Le 18e comité des signataires de l’accord de Nouméa, le 14 décembre à Matignon. / STÉPHANE DE SAKUTIN / AFP

C’était attendu et il n’y a pas eu de surprise. Le 18e comité des signataires, chargé du suivi de l’accord de Nouméa du 5 mai 1998, a accouché, vendredi 14 décembre, d’un accord minimal… pour constater qu’il n’y avait pas d’accord. « Cela s’est passé le moins mal possible », dit, satisfait, Philippe Gomès, au nom de Calédonie ensemble (droite modérée). « On a acté les désaccords sur le plan politique », résume Sonia Backès, la cheffe de file des Républicains calédoniens.

Six semaines après le référendum du 4 novembre, qui a vu le non à l’indépendance de la Nouvelle-Calédonie l’emporter par 56,7 %, contre 43,3 %, le rapprochement des positions était illusoire, alors que doivent se tenir le 12 mai 2019 – la date a été arrêtée lors de cette réunion – les élections provinciales qui décideront de la majorité au Congrès et, par voie de conséquence, au gouvernement du territoire.

Du côté du « front loyaliste » (le Rassemblement-Les Républicains, Les Républicains calédoniens et le Mouvement populaire calédonien), la nette victoire du non rend caduc l’accord de Nouméa, qui prévoit la convocation d’un deuxième puis, éventuellement, d’un troisième référendum, espacés chaque fois de deux ans, si un tiers des membres du Congrès le demande. De son côté, le Front de libération nationale kanak et socialiste (FLNKS) estime que l’accord de Nouméa doit continuer à s’appliquer jusqu’à son terme. Deux positions inconciliables en l’état actuel.

Pour le président du groupe Union calédonienne-FLNKS du Congrès, Roch Wamytan, qui avec sa délégation a quitté la réunion à la mi-journée, estimant que les questions économiques qui devaient être abordées dans l’après-midi étaient du seul ressort des élus territoriaux, « l’accord de Nouméa a un début, 1998, et une fin, après les deuxième et troisième référendums ». « Donc, poursuit-il, la question des deuxième et troisième référendums n’a pas à être discutée, pas plus que celle de l’ouverture du corps électoral. »

Les élections provinciales en mai, un test majeur

Les indépendantistes s’appuient sur l’avis du Conseil d’Etat du 4 septembre, selon lequel « il résulte de l’accord lui-même que son application pourrait s’étendre au-delà de cette période [de vingt ans] ». Le gouvernement a confirmé au cours de ce comité des signataires qu’il en faisait une lecture identique. « Notre objectif était de réaffirmer que l’accord de Nouméa doit continuer à s’appliquer de manière pleine et entière. Nous sommes satisfaits de la position du gouvernement », s’est félicité Victor Tutugoro au nom de la délégation de l’Union nationale pour l’indépendance.

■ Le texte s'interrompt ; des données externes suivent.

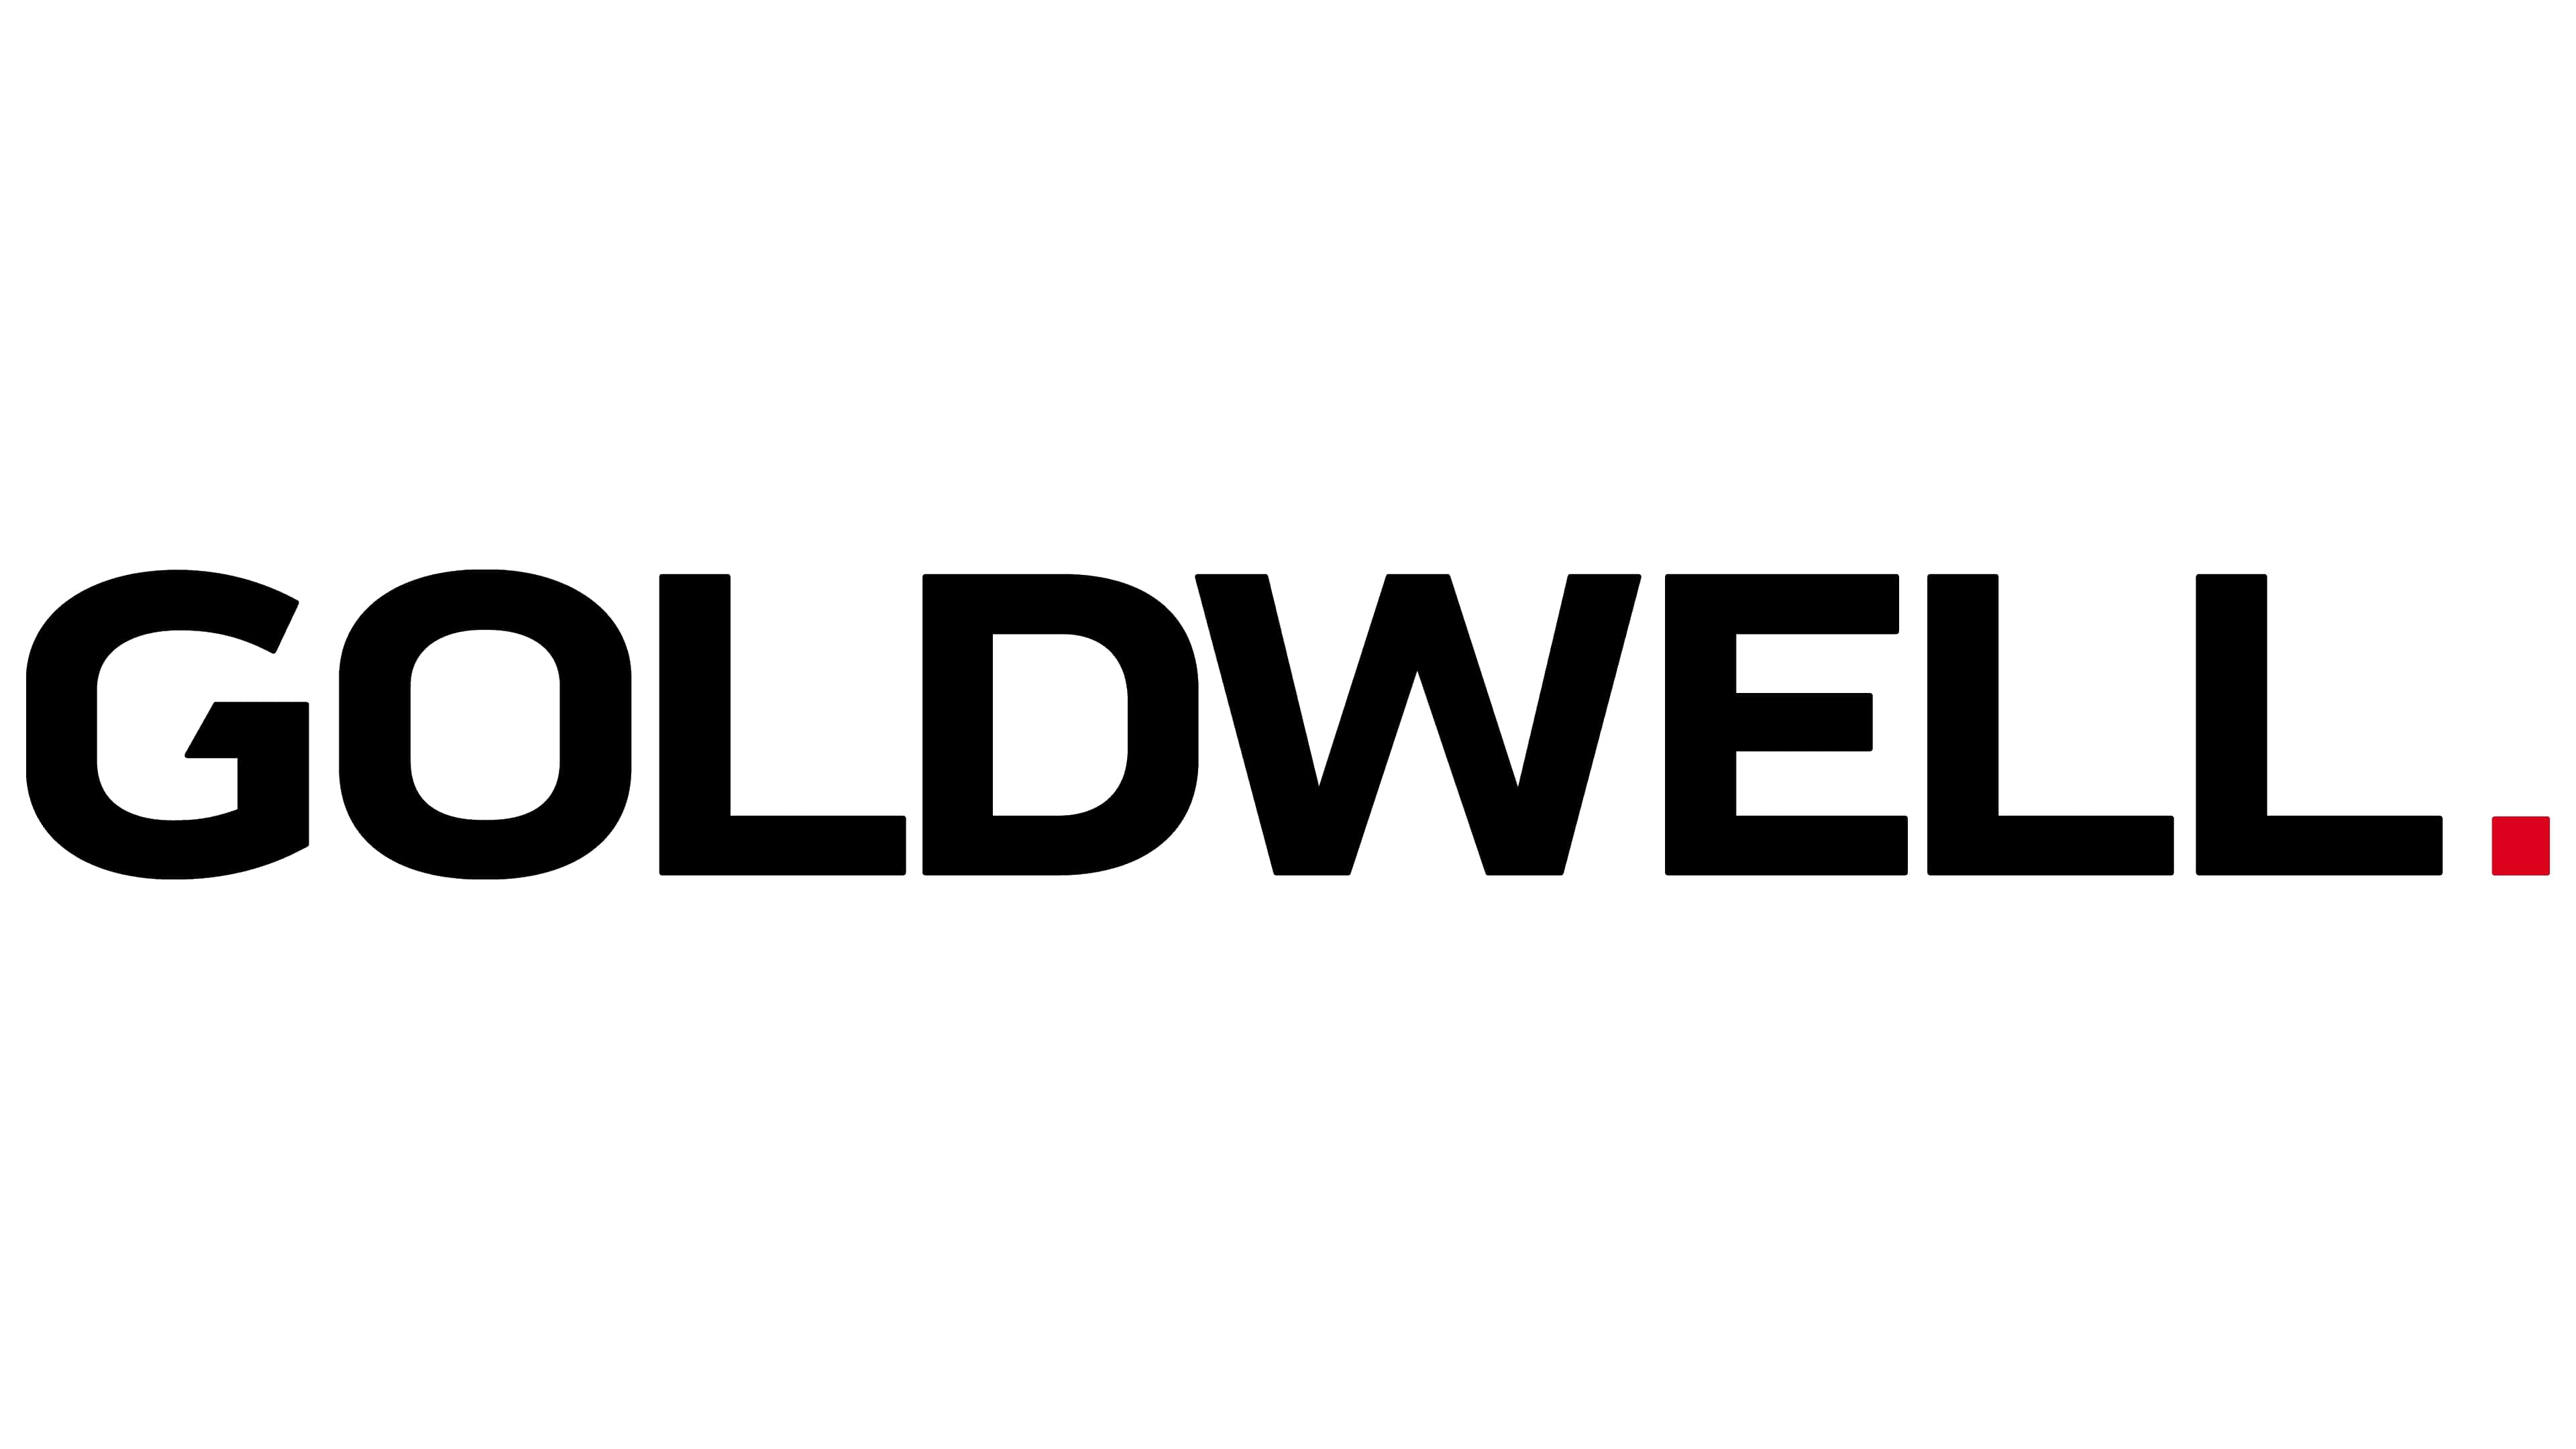 Mẫu thiết kế logo thương hiệu công ty GOLDWELL

Il faudra donc attendre le verdict des urnes, en mai, pour espérer le début d’une amorce de reprise du dialogue. La ministre des outre-mer, Annick Girardin, veut croire qu’il n’est pas rompu et qu’il pourra reprendre après les provinciales, « pour travailler sur un nouvel accord si c’est une volonté partagée ». C’est la volonté, également, de Calédonie ensemble, qui fait toujours le « pari de l’intelligence ». « Le pari de l’intelligence, c’est intégrer que 57 ont gagné et que 43 doivent être écoutés, plaide Philippe Gomès. Construire un accord d’avenir partagé, certes c’est un chemin de crête. Le consensus ne s’impose jamais, il faut aller le chercher, mais nous devons nous montrer à la hauteur de nos anciens. »

Les élections provinciales seront donc un nouveau test politique majeur pour le territoire. Elles permettront de mesurer, à la fois, les rapports de forces au sein de la droite loyaliste et si les indépendantistes parviennent à concrétiser dans ce scrutin la dynamique du référendum. Les positions acquises à l’issue de ces élections détermineront en grande partie l’avenir du processus de décolonisation et les conditions dans lesquelles pourront reprendre les discussions.